──────── Material for the task ────────
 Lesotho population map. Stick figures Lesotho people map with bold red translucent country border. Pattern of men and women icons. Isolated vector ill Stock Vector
────────
──────── Material for the task ────────
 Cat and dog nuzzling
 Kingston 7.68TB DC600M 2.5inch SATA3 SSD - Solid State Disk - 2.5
────────
Using the entries above, extract exactly the span from the line with "Cat and dog nuzzling" to the line with "Kingston 7.68TB DC600M", both lines included; leave out everything else.

 Cat and dog nuzzling
 Kingston 7.68TB DC600M 2.5inch SATA3 SSD - Solid State Disk - 2.5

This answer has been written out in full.